Гурджиев сидел, улыбаясь.
— Видите, как легко повернуть вас. А что если я просто придумал всё это для вас, и никакого вечного возвращения вовсе нет? Что за удовольствие: сидит мрачный Успенский, не ест и не пьёт? Попробую-ка развеселить его, – подумал я. А как развеселить человека? Один любит весёлые истории. Другому нужно найти его любимый предмет. Я знаю, что у Успенского этот предмет – "вечное возвращение". Вот я и предложил ему ответить на любой вопрос, заранее зная, о чем он спросит.
Но поддразнивания Гурджиева меня не тронули. Он дал мне нечто существенное и не мог этого отобрать. Я не верил его шуткам, не верил, чтобы он мог придумать сказанное им о возвращении. Кроме того, я научился понимать его интонации, и последующие события показали, что я был прав, и хотя Гурджиев не вводил идею возвращения в свое изложение системы, он несколько раз сослался на нее, в основном, говоря об утраченных возможностях у людей, приблизившихся к системе, но затем отпавших от неё.
В группах, как обычно, продолжались беседы. Однажды Гурджиев сказал, что хочет провести опыт по отделению личности от сущности. Всех нас это очень заинтересовало, так как он уже давно обещал "опыты",
Пропускаю начало опыта. Мы сидели в большой гостиной; разговор шёл как обычно.
— Теперь наблюдайте, – прошептал мне Гурджиев. Старший из двух, который с жаром о чем-то говорил, внезапно умолк на середине фразы и казалось, утонул в кресле, глядя прямо перед собой. По знаку Гурджиева мы продолжали разговаривать, не обращая на него внимании. Младший стал прислушиваться к разговору и наконец заговорил сам. Мы переглянулись. Его голос изменился. Он рассказывал нам о некоторых наблюдениях над собой, говоря при этом просто и понятно, без лишних слов, без экстравагантностей и шутовства. Затем он умолк и, потягивая папиросу, как будто о чем-то задумался. Первый продолжал сидеть с отсутствующим видом.
— Спросите его, о чём он думает, – тихо сказал Гурджиев.
— Я? – услышав вопрос, он поднял голову, как бы очнувшись. – Ни о чём.
Он слабо улыбнулся, как будто извиняясь или удивляясь тому, что кто-то спрашивает его, о чём он думает.

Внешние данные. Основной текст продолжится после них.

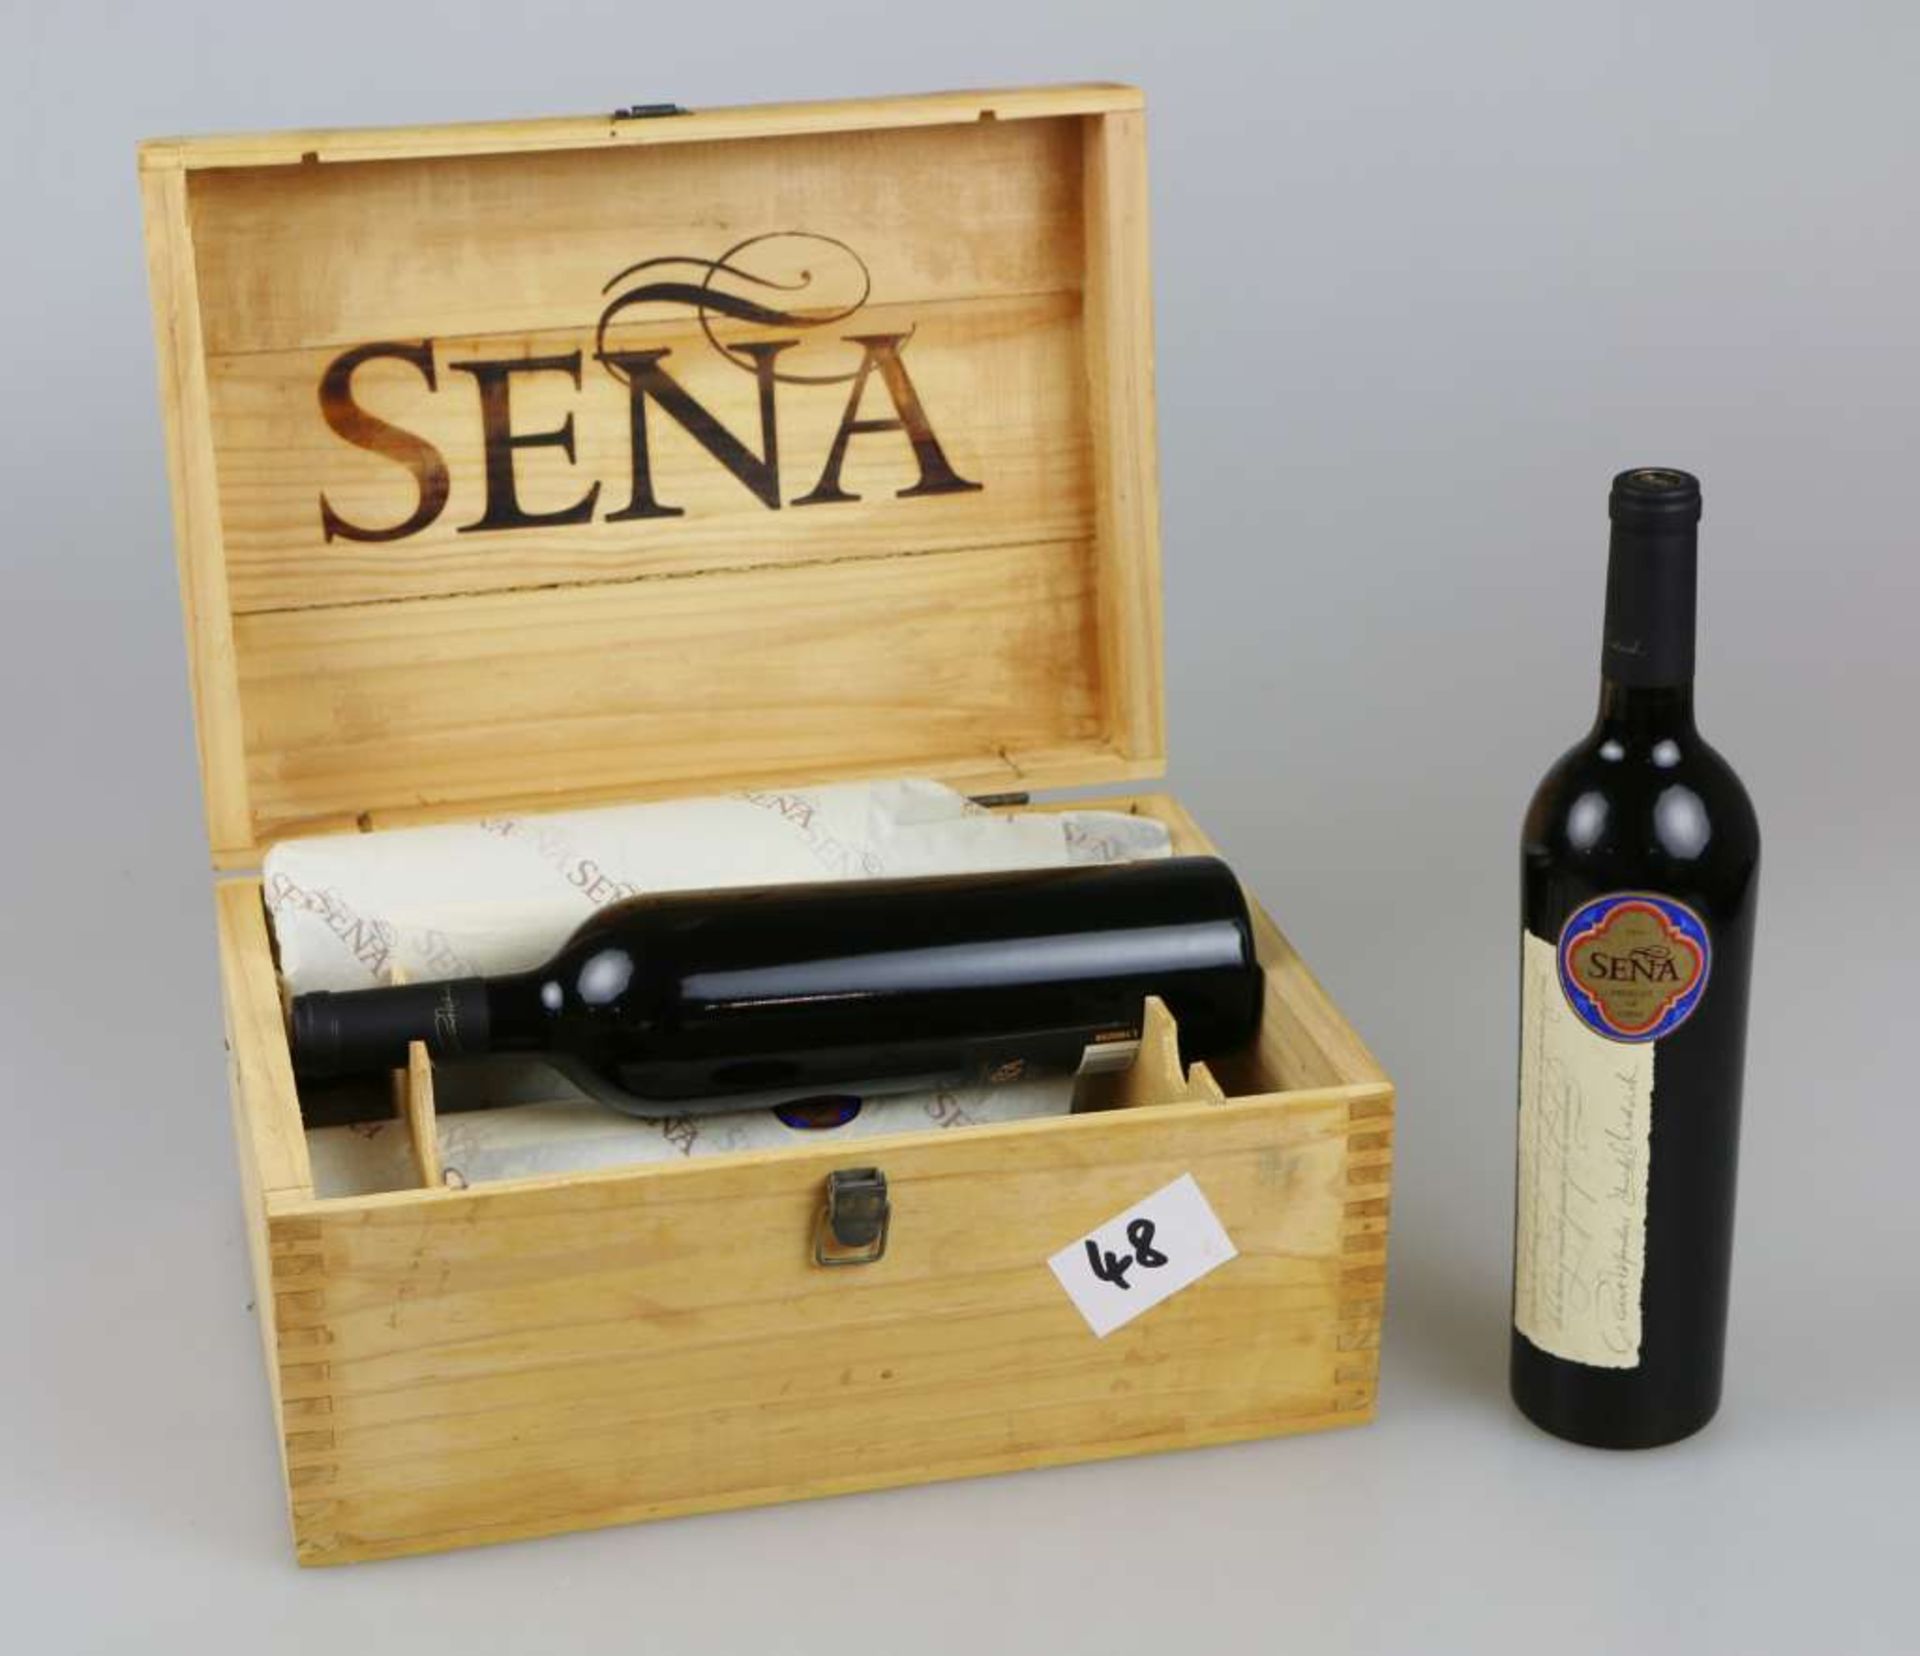 Rotwein, 6 Flaschen Sena, Vina Errazuriz/ Mondavi, Aconcagua Valley Chile, 1996, 0,75 L. In

— Как же так, – сказал один из нас, – ведь только что вы говорили о войне, о том, что случится, если мы заключим мир с немцами; вы продолжаете придерживаться своего мнения?
— По совести, не знаю, – ответил тот неуверенным голосом, – разве я говорил что-нибудь такое?
— Конечно; вы только что сказали, что каждый обязан об этом думать, что никто не имеет права забывать о войне, что каждый обязан иметь определённое мнение – "да" или "нет", за войну или против неё.
Он слушал, как будто не понимая, о чём говорит спрашивающий.
— Да? Как странно, я ничего об этом не помню.
— Но разве вам самому это не интересно?
— Нет, ничуть не интересно.
— И вы не думаете о том, какие последствия будет иметь происходящее, какими будут его результаты для России, для всей цивилизации?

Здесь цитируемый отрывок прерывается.